* Task requirements *
Copy the data that appears below exactly. Drop the pictures.

* Dataset extract *
-- Opening Marker --

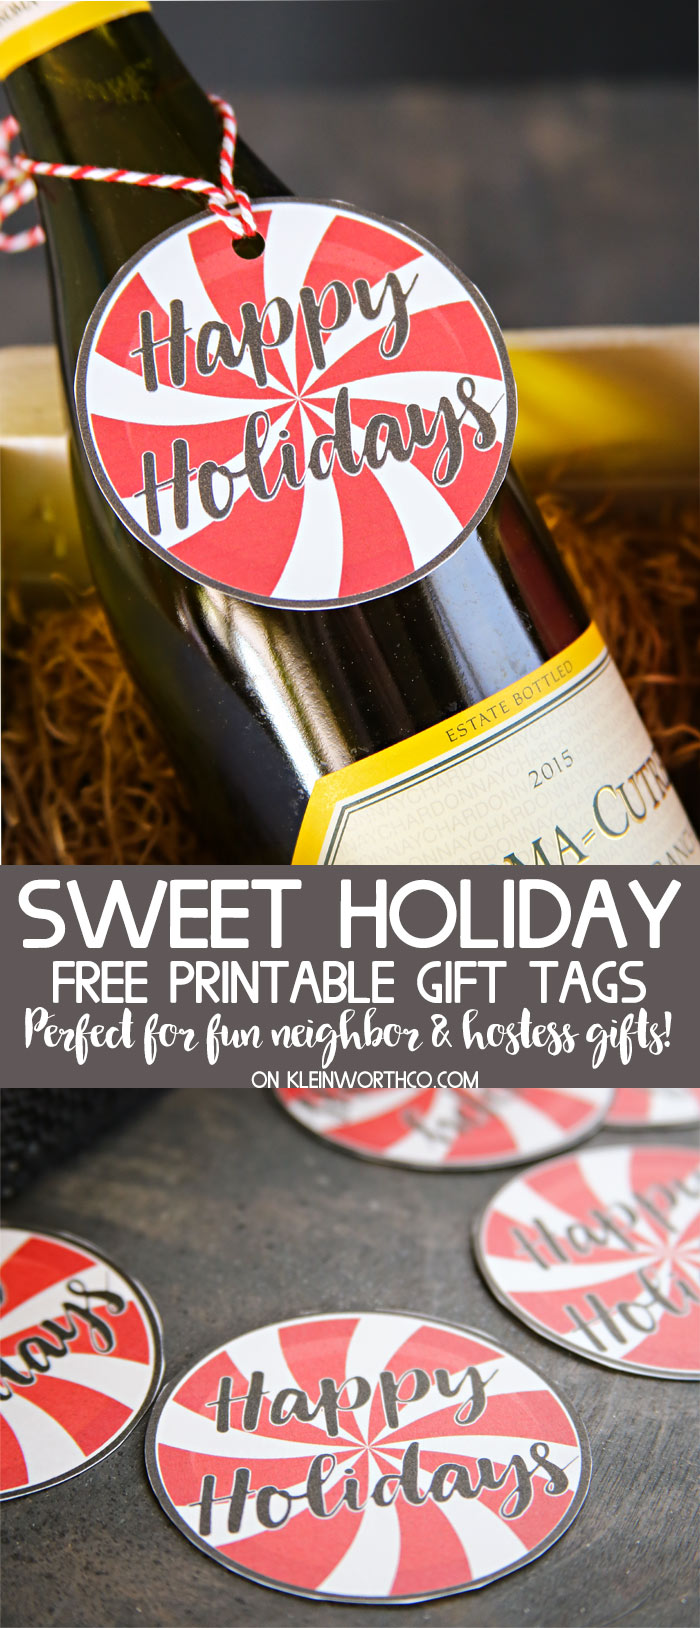 Sweet Holiday Gift Tags Free Printable
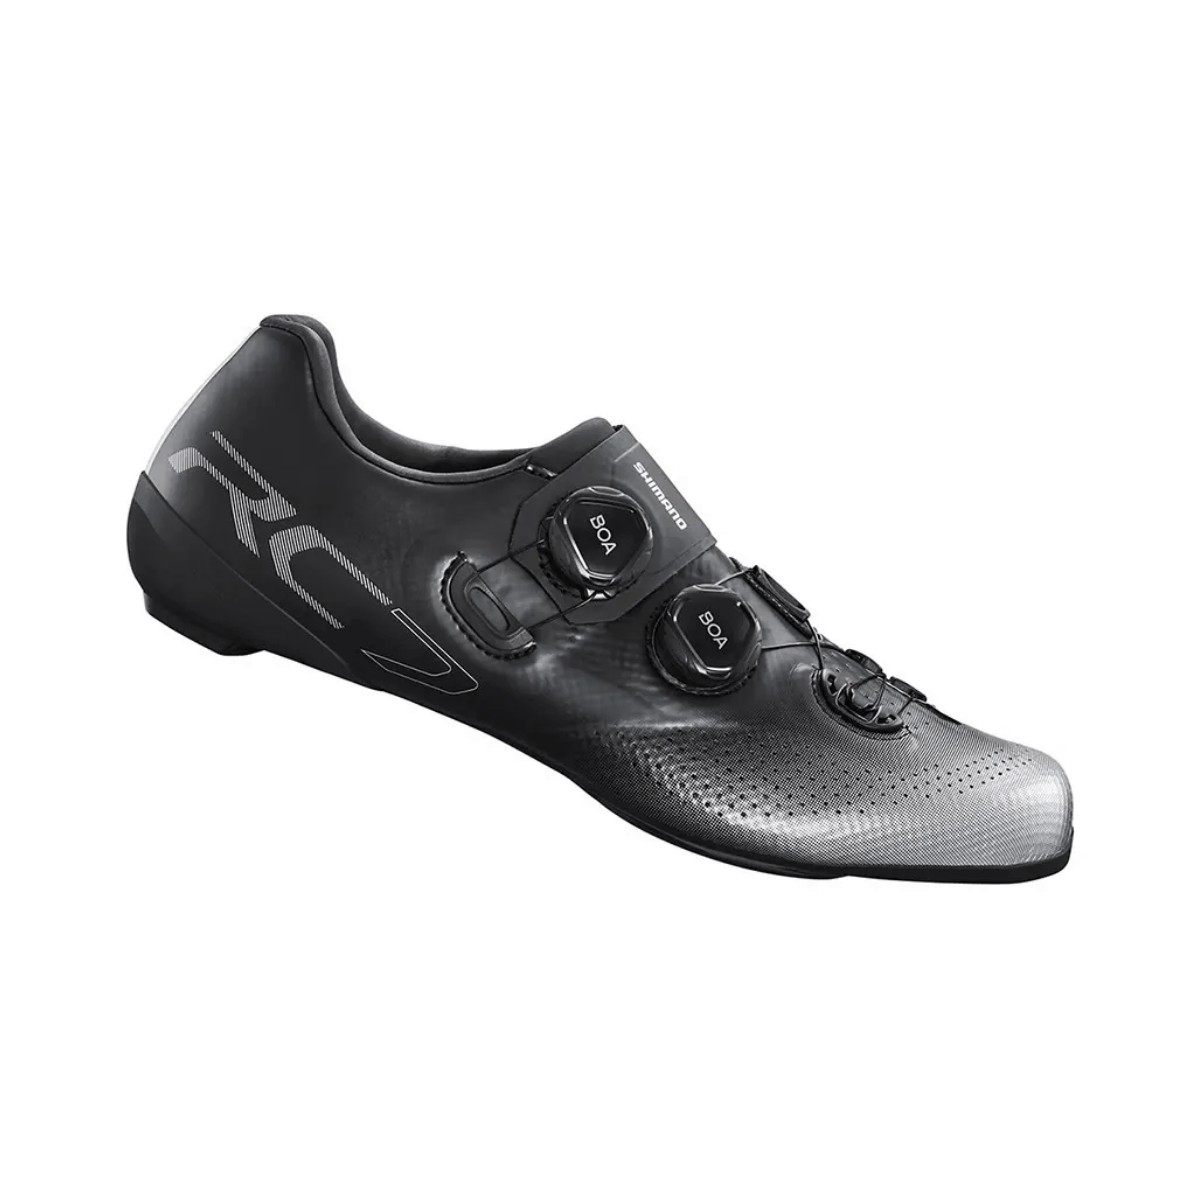 Shimano RC702 Shoes Wide Black, Size 44 - EUR
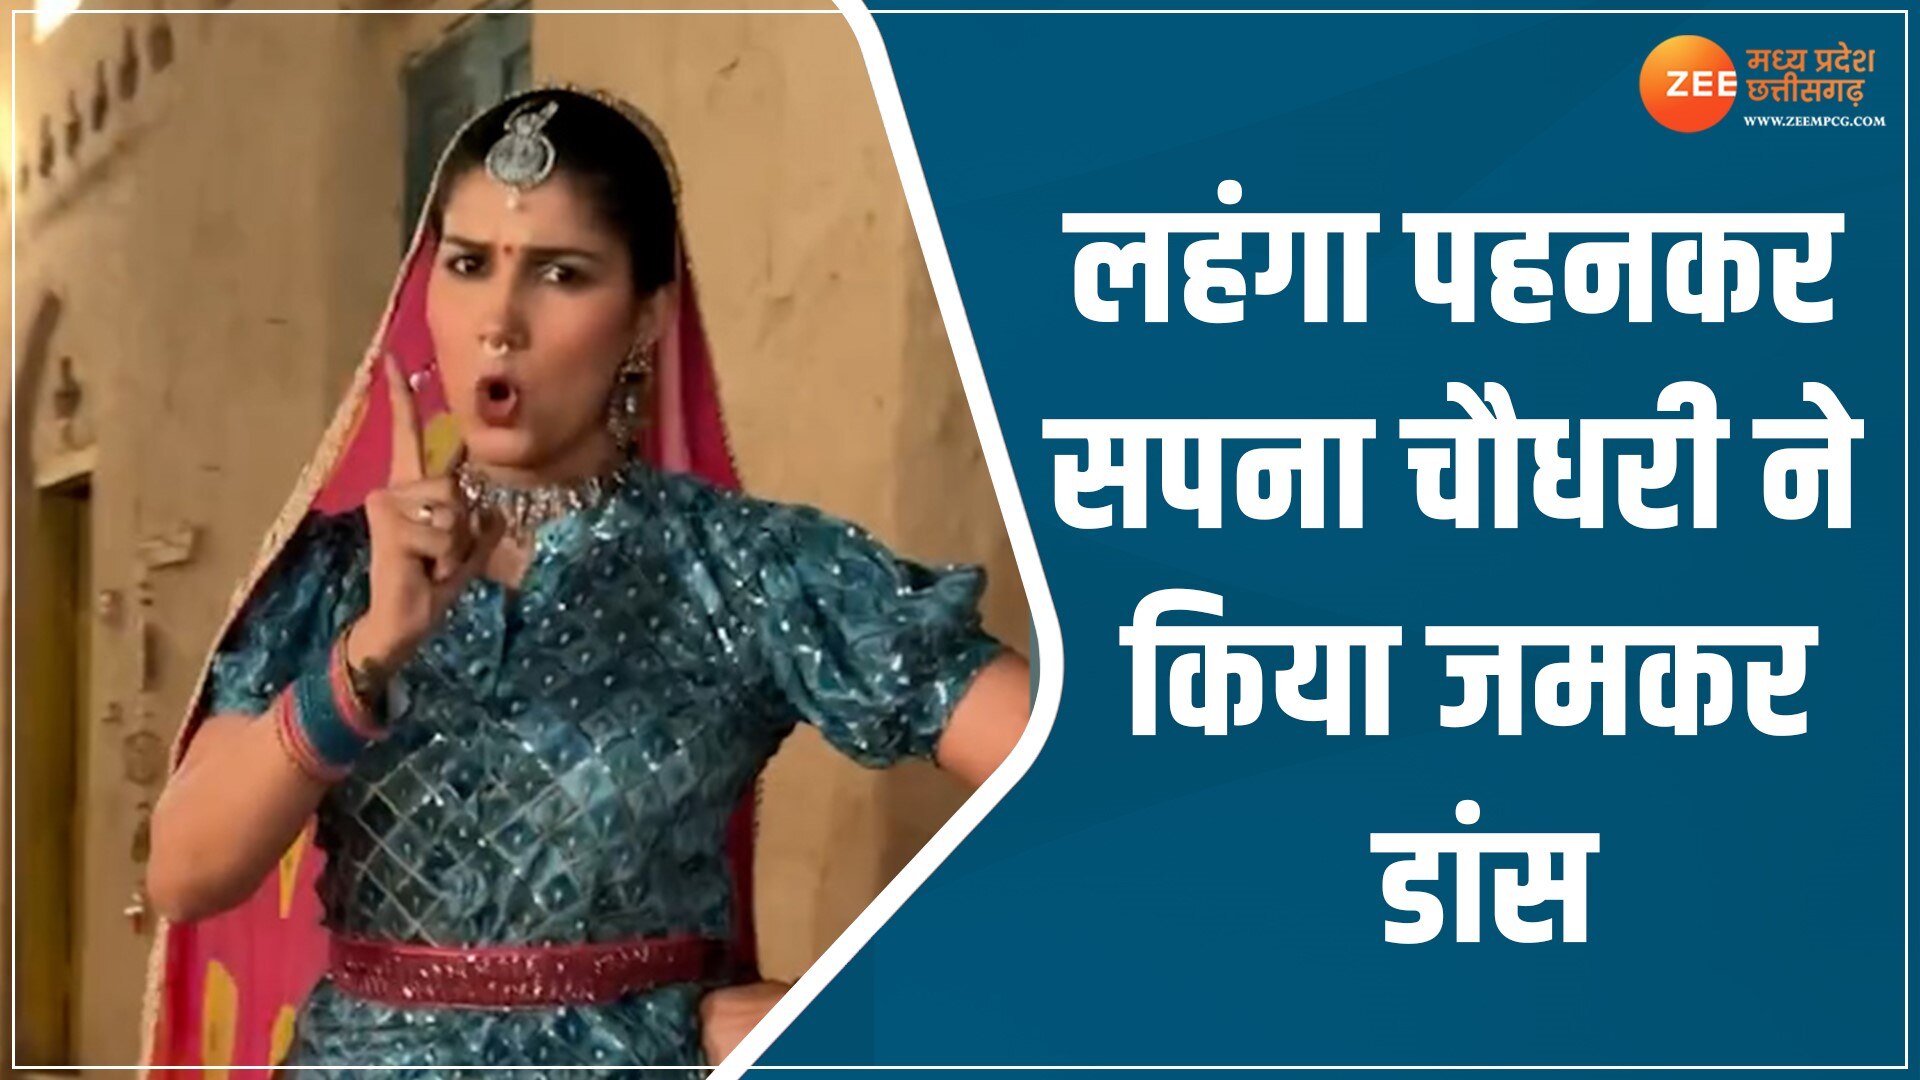 Sapna Choudhary danced fiercely wearing a lehenga the public went crazy  after seeing her dance | Viral Video: लहंगा पहनकर सपना चौधरी ने किया जमकर  डांस, ठुमके देख पब्लिक हुई बावली |

-- Closing Marker --

* Solution for this task *
 Sweet Holiday Gift Tags Free Printable
 Shimano RC702 Shoes Wide Black, Size 44 - EUR
 Sapna Choudhary danced fiercely wearing a lehenga the public went crazy  after seeing her dance | Viral Video: लहंगा पहनकर सपना चौधरी ने किया जमकर  डांस, ठुमके देख पब्लिक हुई बावली |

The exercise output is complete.